Chicken roll (1 piece)
Afternoon Snack
138 mg/dL
avg. peak value
Usually causes a large spike
Avg. Food Score on Ultrahuman App
Ultrahuman Users got an UNSTABLE response
How to consume Chicken roll without glucose spikes
Incorporate Fiber-Rich Foods
Pair the chicken roll with foods high in fiber, such as leafy greens, broccoli, or lentils.

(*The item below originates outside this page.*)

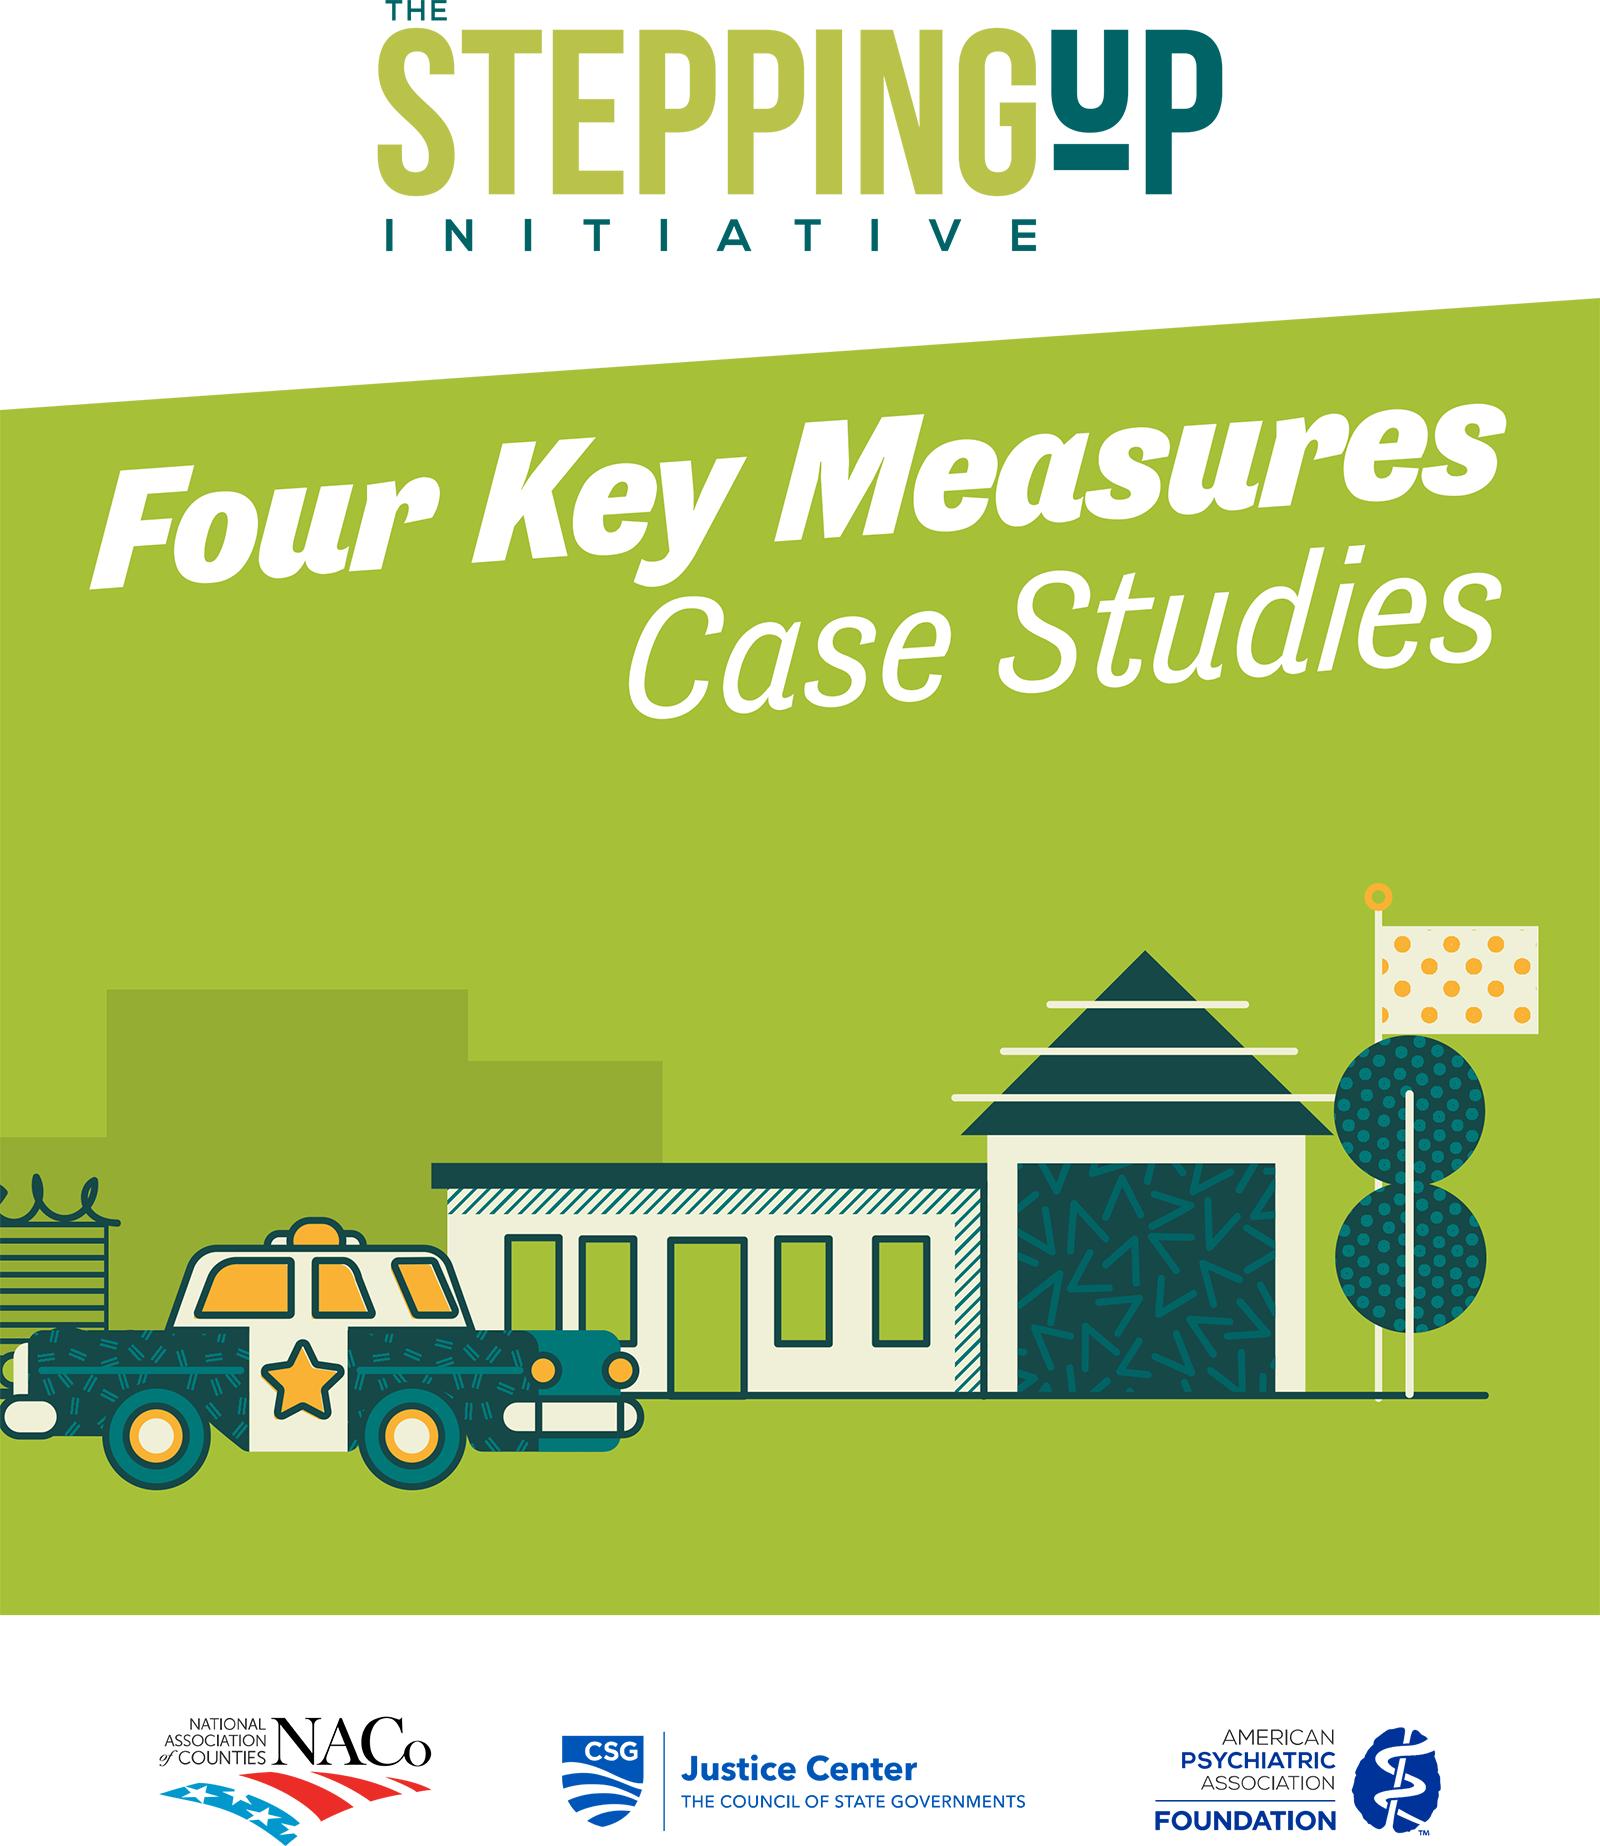 Stepping Up Four Key Measures Case Studies | NACo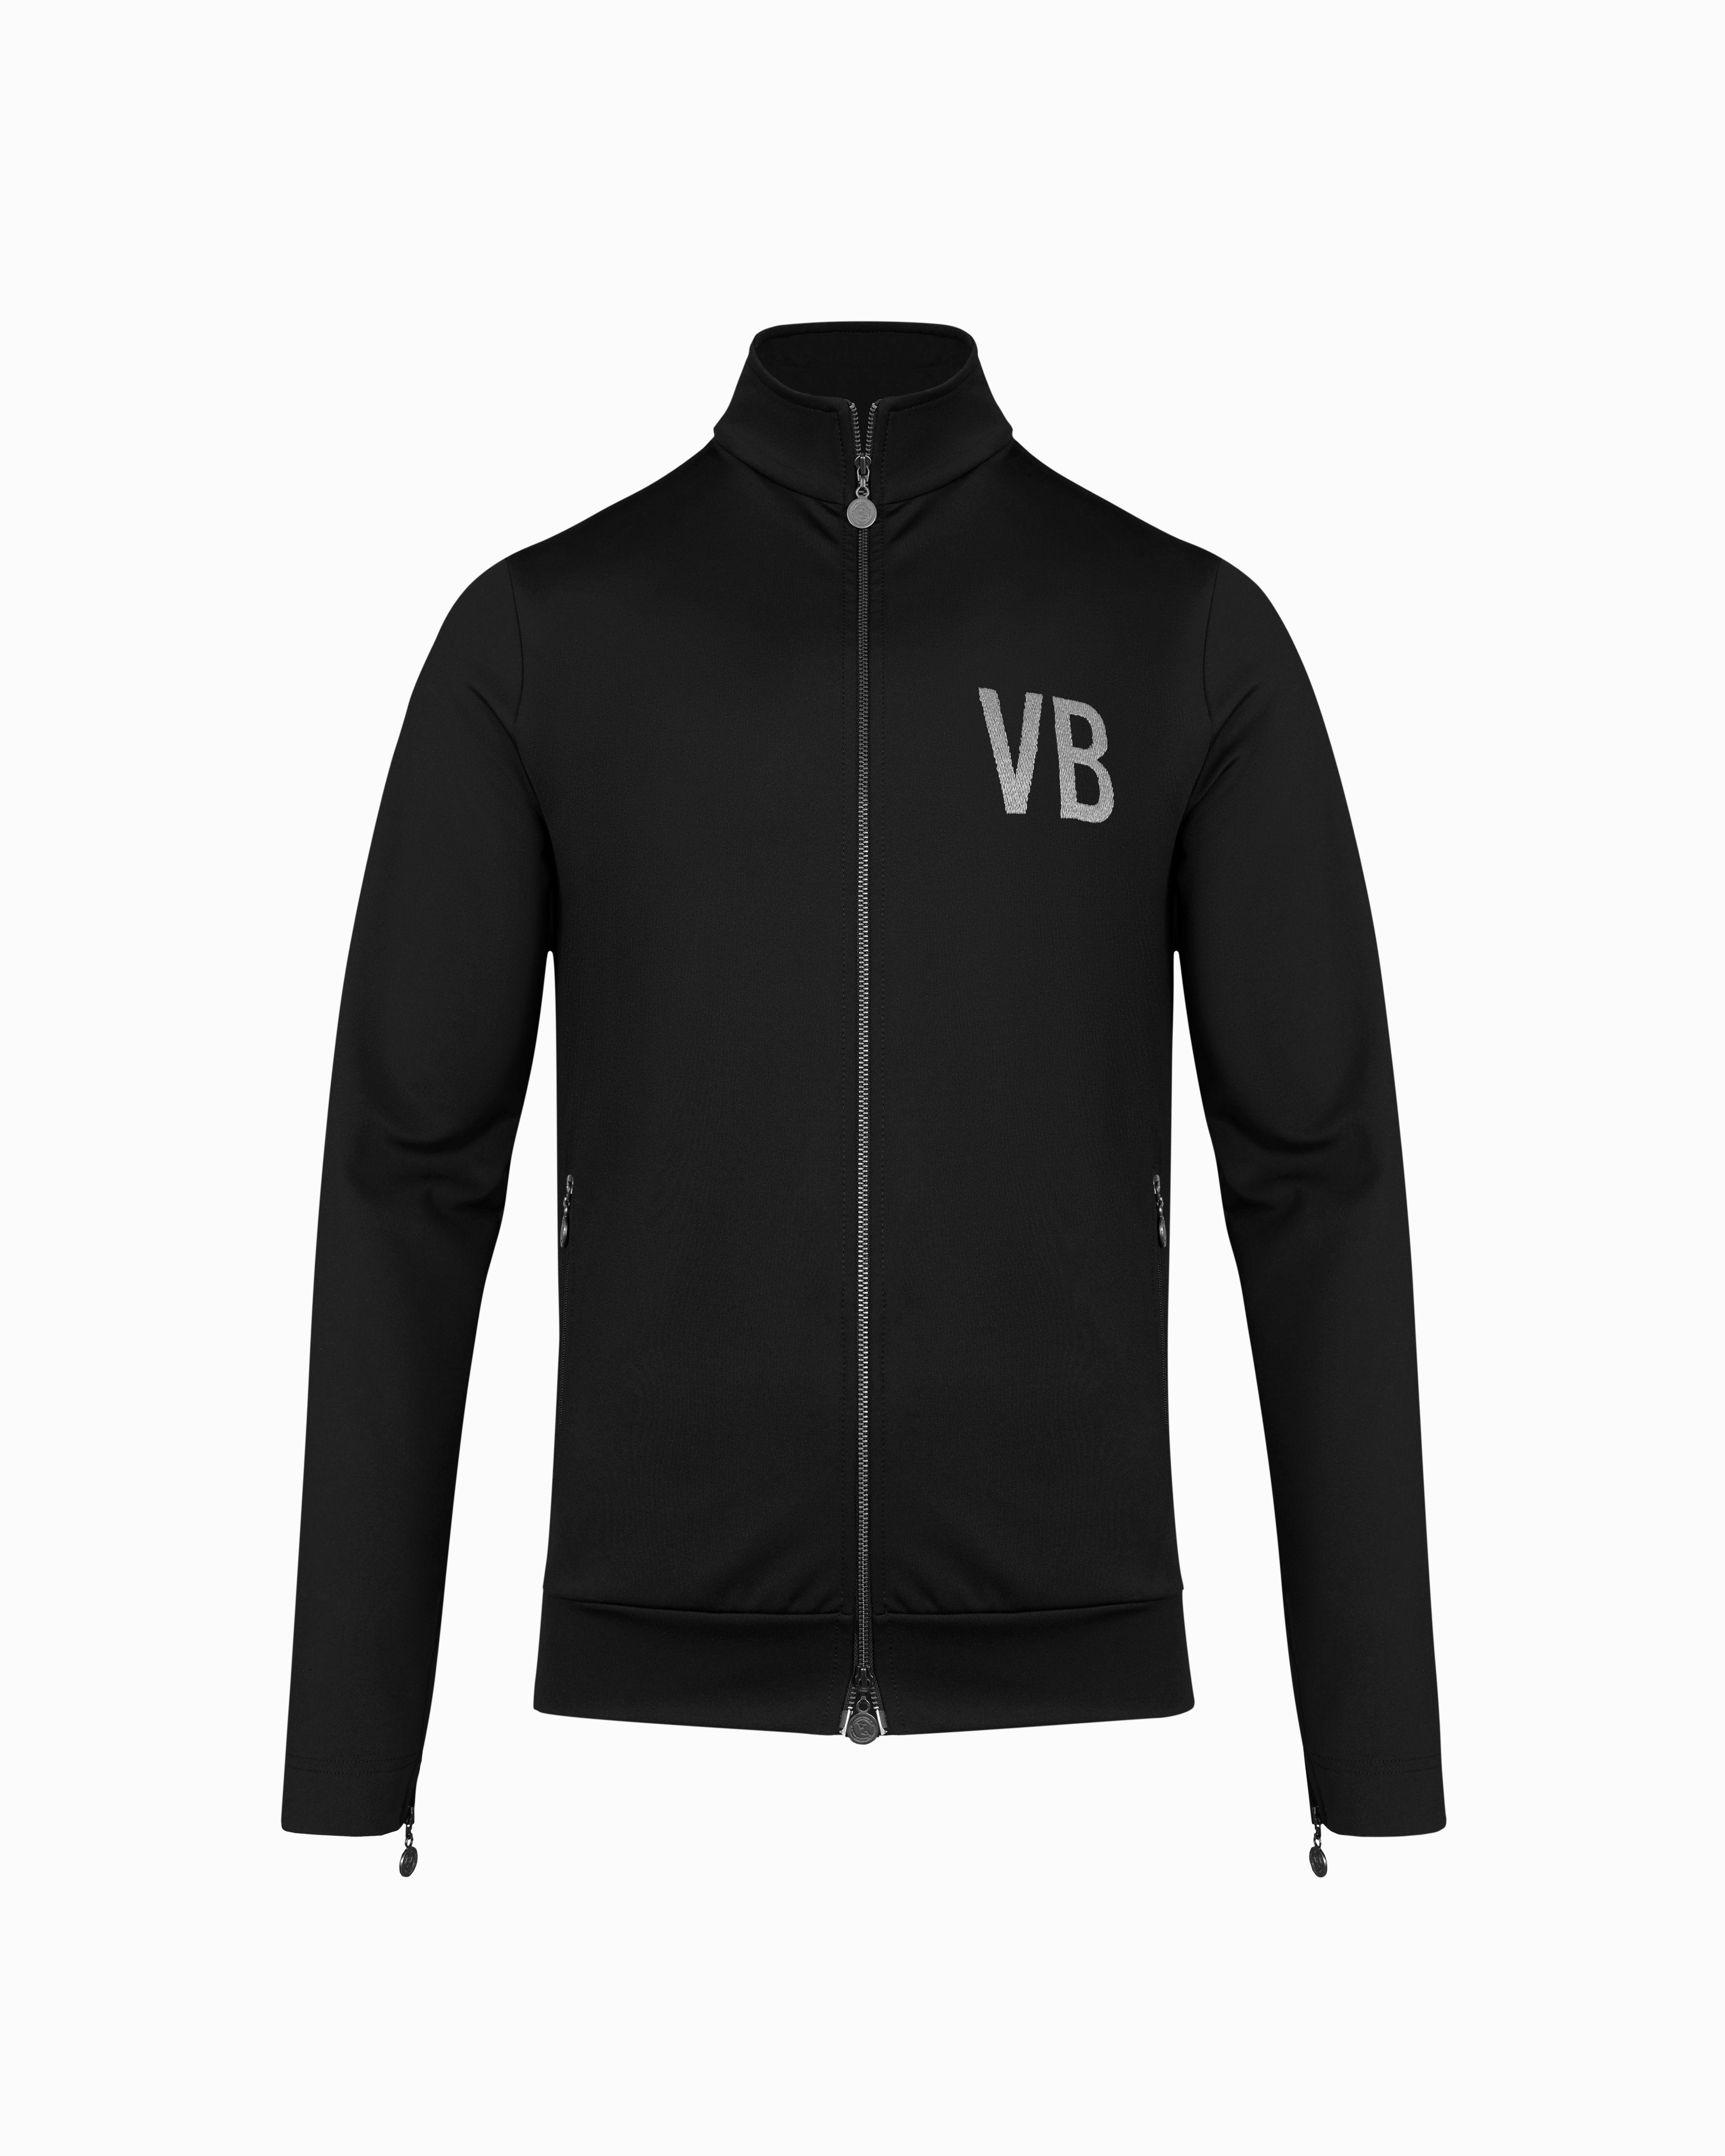 VB Track Jacket

This can help slow down the absorption of glucose.
Add Healthy Fats
Include sources of healthy fats like avocados, nuts, or seeds in your meal to help moderate the glucose spike.
Choose Whole Grains
If possible, opt for a whole-grain version of the bread in the chicken roll to provide more nutrients and a slower glucose release.
Include Protein
Balance your meal with additional sources of lean protein such as grilled chicken or tofu, which can help stabilize blood sugar levels.
Drink Water
Stay hydrated before and during your meal, as proper hydration can aid metabolism and control glucose levels.
Consider Portion Control
Reduce the size of the chicken roll portion and fill your plate with low-starch vegetables to prevent a significant glucose increase.
Exercise Post-Meal
Engage in a light walk or some form of physical activity after eating to help your body use up the glucose more efficiently.
Add Vinegar or Lemon
Incorporate a small amount of vinegar or lemon juice into your meal, as the acidity can help reduce the glycemic response.
Monitor Meal Timing
Try to eat smaller, more frequent meals throughout the day rather than one large meal to avoid spikes.
Chew Slowly and Mindfully
Take your time to eat and chew thoroughly, which can aid in digestion and better manage glucose levels.